As can be seen, the path that runs each motor shaft 7 in its plane transverse to the direction of travel of the sheets 2 is equal to the curve 6 of the transport surface in that same transverse plane, so that all wheels 8 of the same axis 7, which will have the same radius, are achieved, rotate at the same angular velocity and will propel the blade 2 at the same speed along the entire axis 7 conferring the curved shape 6 to the blade 2.

Advantageously, the mobile support means 3 are configured so that the sheets 2 applied against the support means 3 adopt a combed or grooved shape in a plane transverse to the direction of travel, that is, they adopt a tile shape that confers the sheets 2 greater resistance to bending at the front when they are transported at high speeds between different stations, without damaging them. The sheets 2 will preferably maintain an essentially straight shape in a plane longitudinal to the direction of travel, so that they do not offer resistance to their transport.

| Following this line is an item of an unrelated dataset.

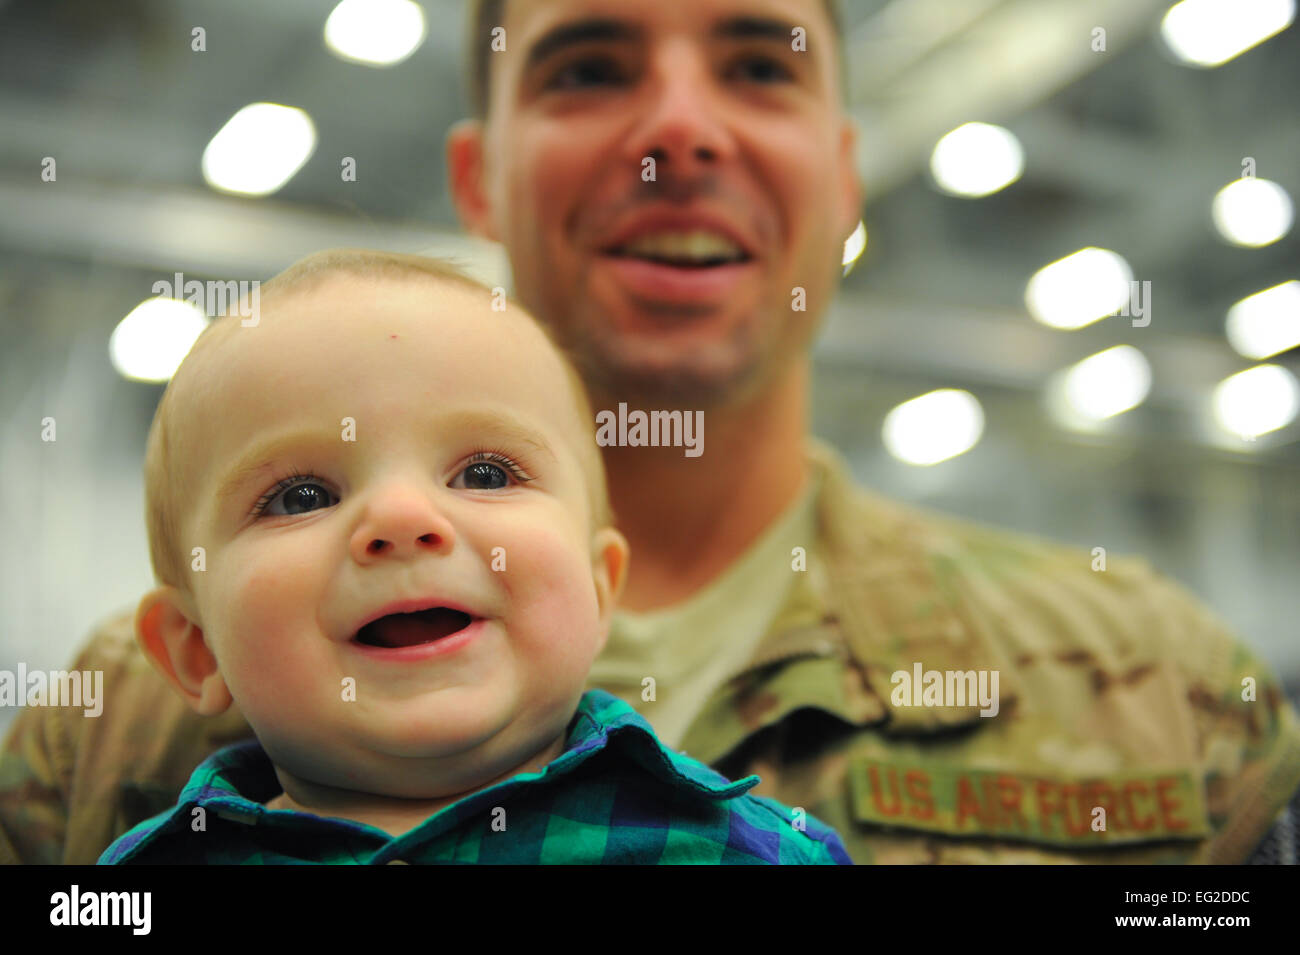 Aiden Robillard smiles in the arms of his father, Staff Sgt. <b>Tim Robillard</b>, ... - aiden-robillard-smiles-in-the-arms-of-his-father-staff-sgt-tim-robillard-EG2DDC
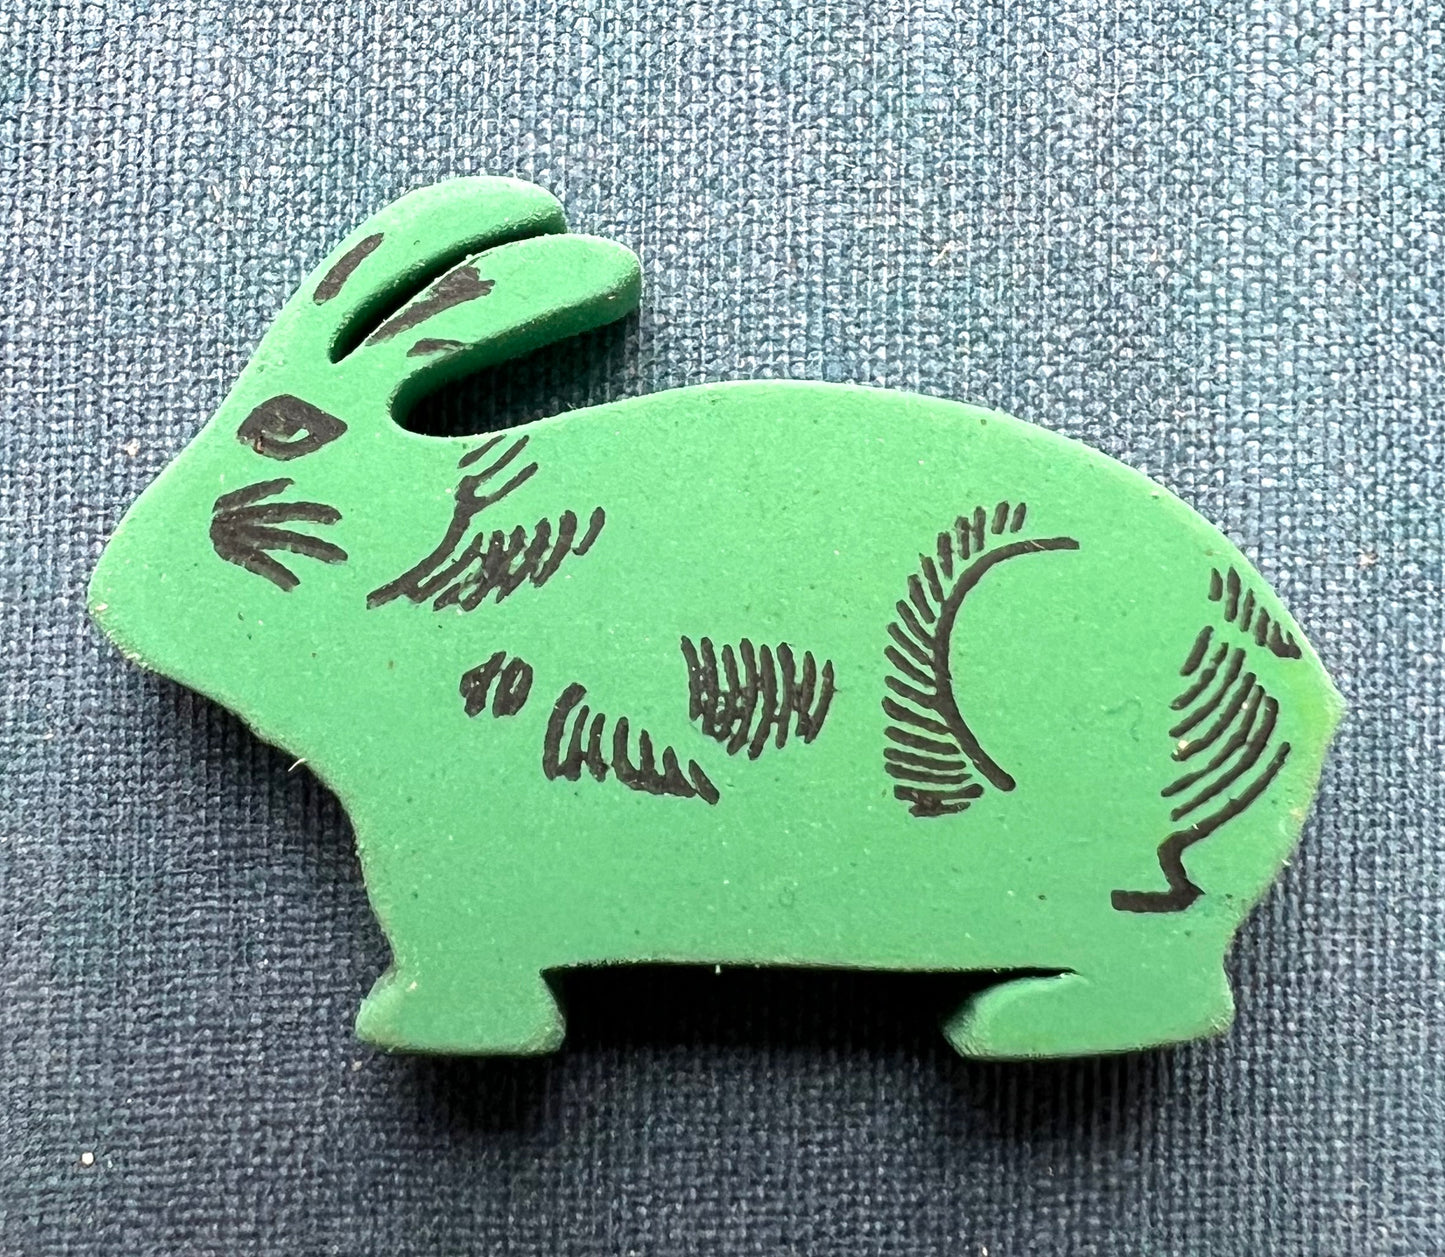 Unused 1950s Rabbit Erasers / Rubbers - Made in Japan

Therefore, it can be considered that the support means 3 determine a surface 4 for the transport of sheets 2 which in turn has a combed or grooved shape, determining the section of this transport surface 4 in a plane transverse to the direction of Displacement of the sheets 2 a curve 6, which can be both convex and concave and even a combination between convex and concave portions that form a corrugation. Naturally, as a sheet 2 is arranged on the transport surface 4 as a result of the suction means 5, it will take the same shape as the surface 4.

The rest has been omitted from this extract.